[144] CoStar Group Inc SEC Filing
CoStar Group Inc (CSGP) Form 144 summary: This Form 144 notifies a proposed sale of 25,000 shares of CoStar common stock through Morgan Stanley Smith Barney, scheduled approximately 08/28/2025, with an aggregate market value listed as $2,258,225.00 and total outstanding shares of 423,650,362.
The filing identifies the seller as Frederick Saint and discloses prior sales by the same person of 25,000 shares on 07/28/2025 for $2,330,827.51 and 25,000 shares on 06/11/2025 for $2,027,382.51. Acquisition details show the shares being sold were originally received as restricted stock on multiple dates in 2021 and 2022.
- Disclosure completeness: Filing lists broker, number of shares, aggregate market value, outstanding shares, and acquisition history.
- Prior sales documented: Shares sold on 06/11/2025 and 07/28/2025 are disclosed with gross proceeds, supporting transparency.
- Insider selling concentration: The filer sold or plans to sell 75,000 shares within a three-month window (25,000 each in June, July, August 2025).

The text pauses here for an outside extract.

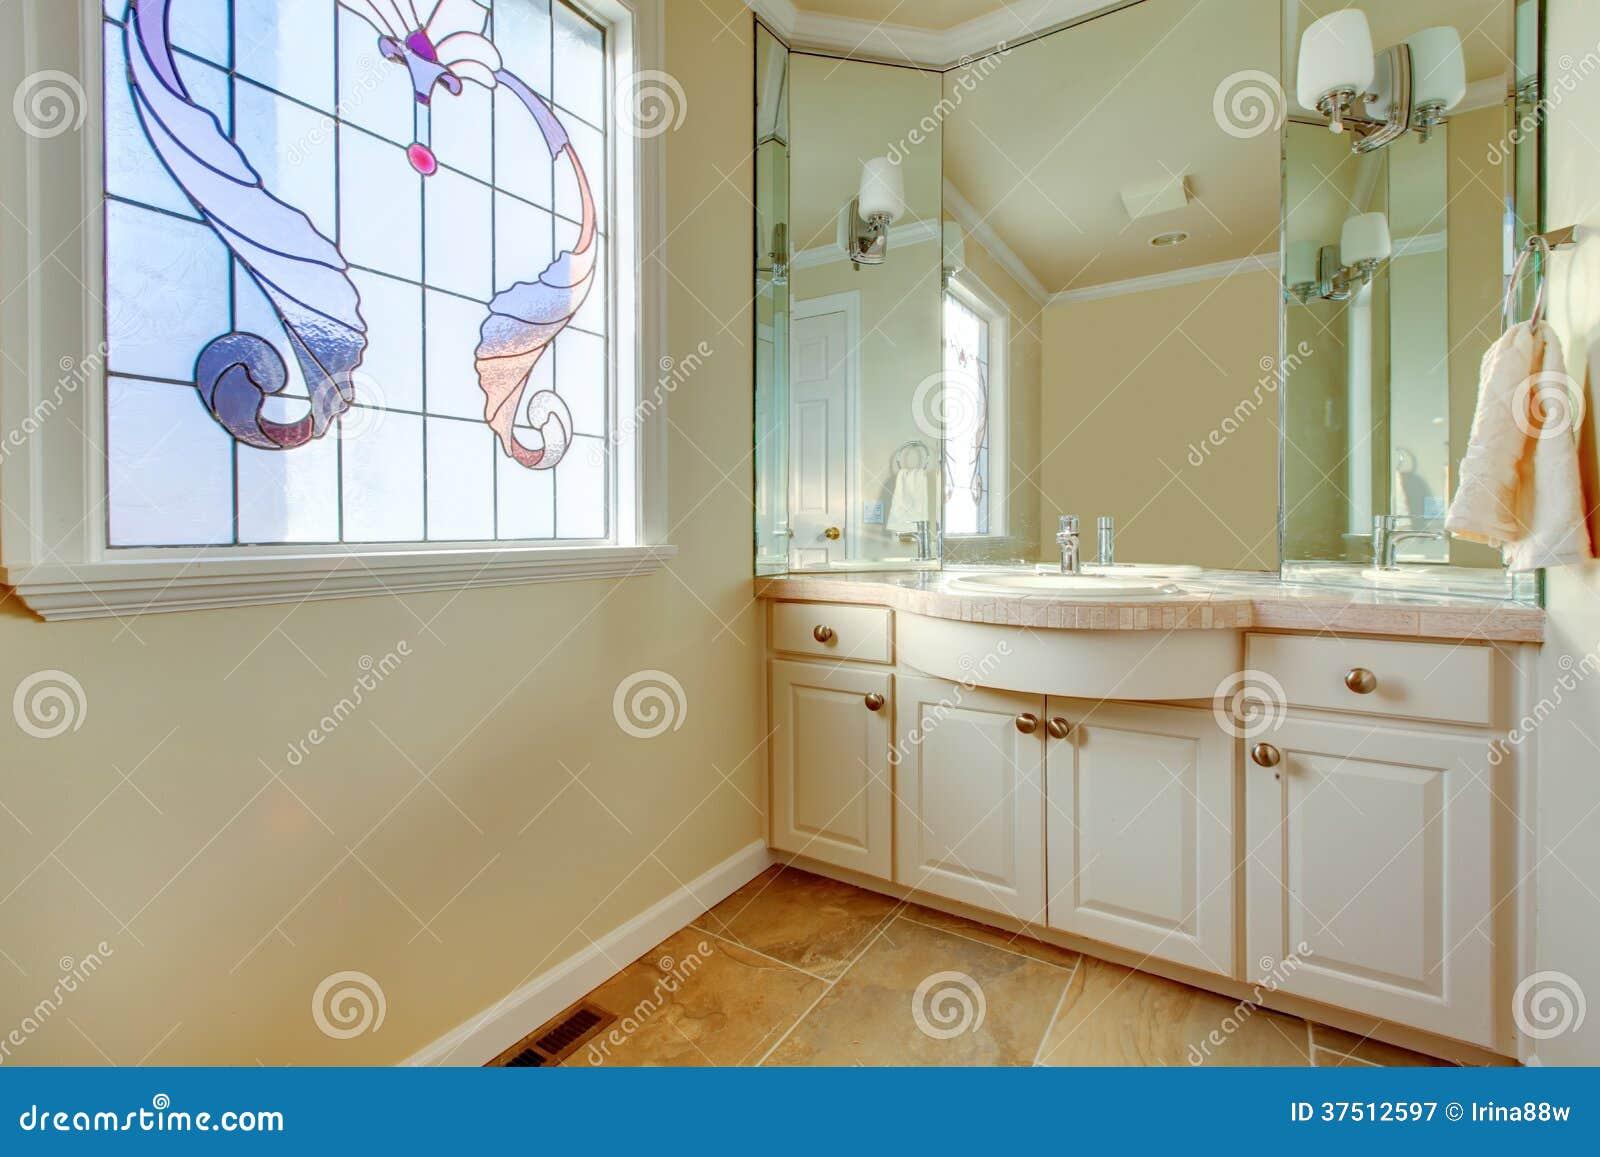 Klein Badkamer Idees : Warme kleine badkamers met groot idee voor vensterbehandeling

- No 10b5-1 plan details provided: The filing does not state a trading-plan adoption date or provide specific trading-plan terms.
Insights
TL;DR Insider Frederick Saint plans to sell 25,000 CSGP shares; similar sized sales occurred in June and July 2025.

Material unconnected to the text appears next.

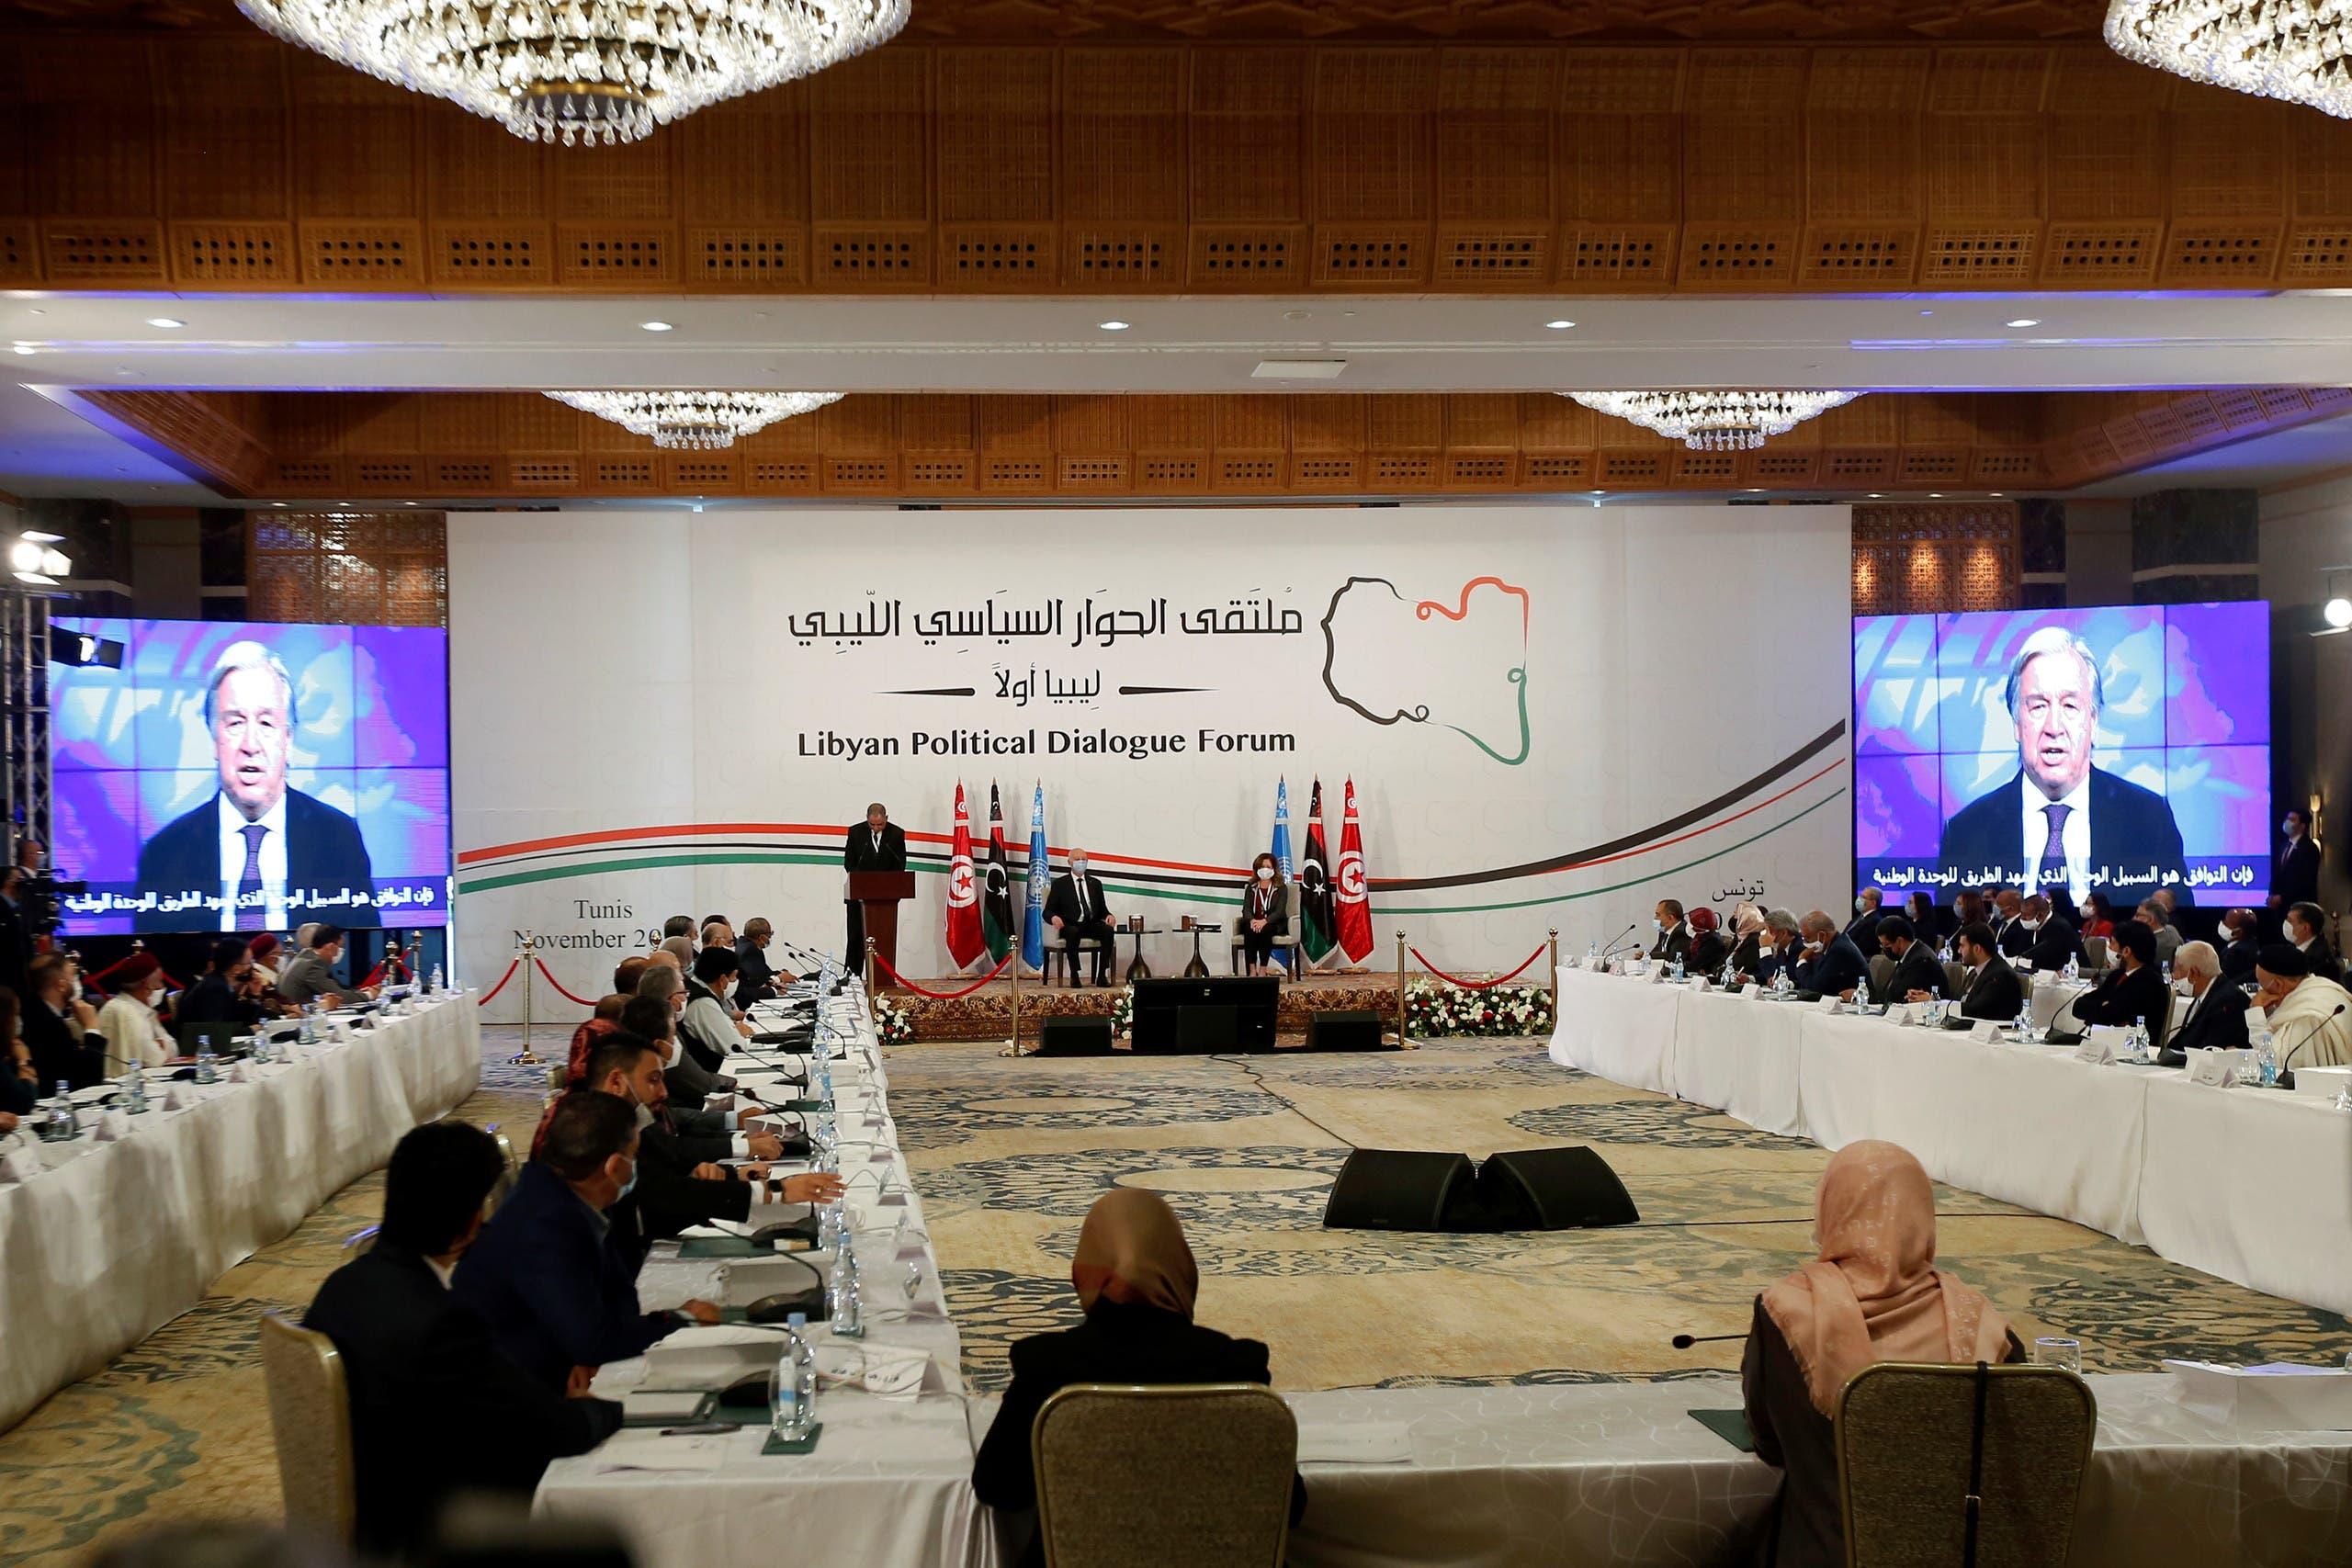 من انطلاق الحوار الليبي في تونس الأسبوع الماضي

The filing is a routine Form 144 disclosure showing an insider sale through a broker with clear acquisition history (restricted stock grants from 2021–2022). The transaction size (25,000 shares) is small relative to the issuer's outstanding shares (423.65 million), suggesting limited direct dilution or immediate market impact. However, three recent sales of equal size in a three-month span total 75,000 shares, which is relevant for monitoring insider selling patterns.

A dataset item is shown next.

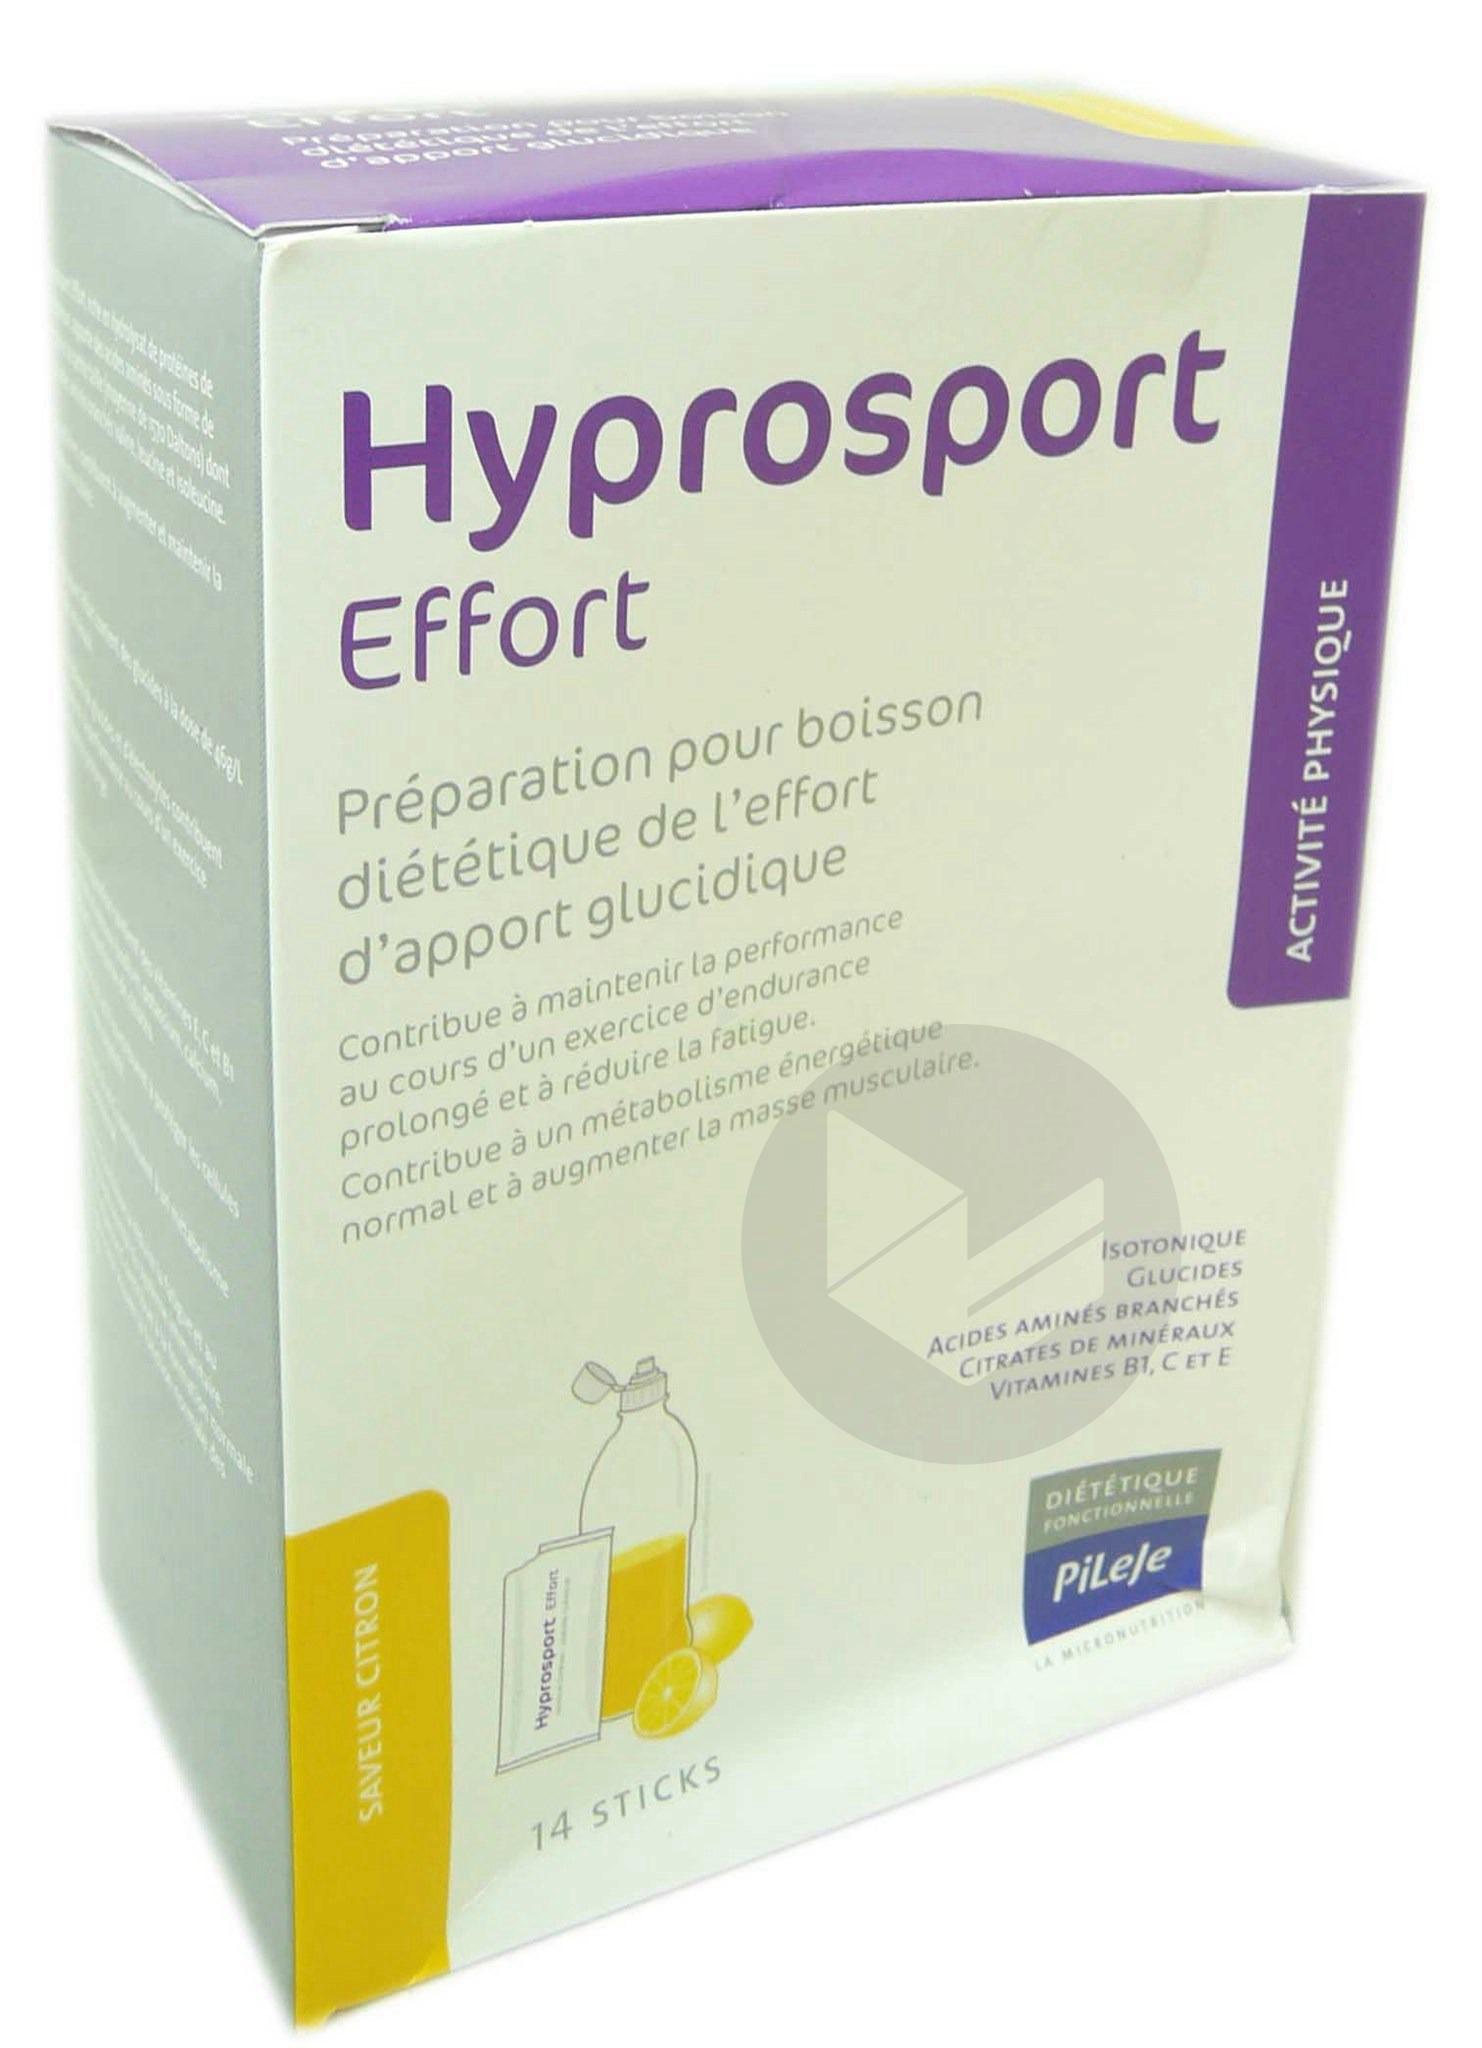 HYPROSPORT EFFORT Pdr pour boisson citron 14Sticks/30g

TL;DR The Form 144 appears complete for Rule 144 disclosure; acquisitions and prior sales are documented.
The notice includes required acquisition details (dates, restricted stock origin, amounts) and prior sales in the past three months, supporting regulatory transparency. The seller certifies no undisclosed material adverse information. The filing does not indicate any trading plan adoption date or other 10b5-1 specifics, so compliance context is limited to the statements provided.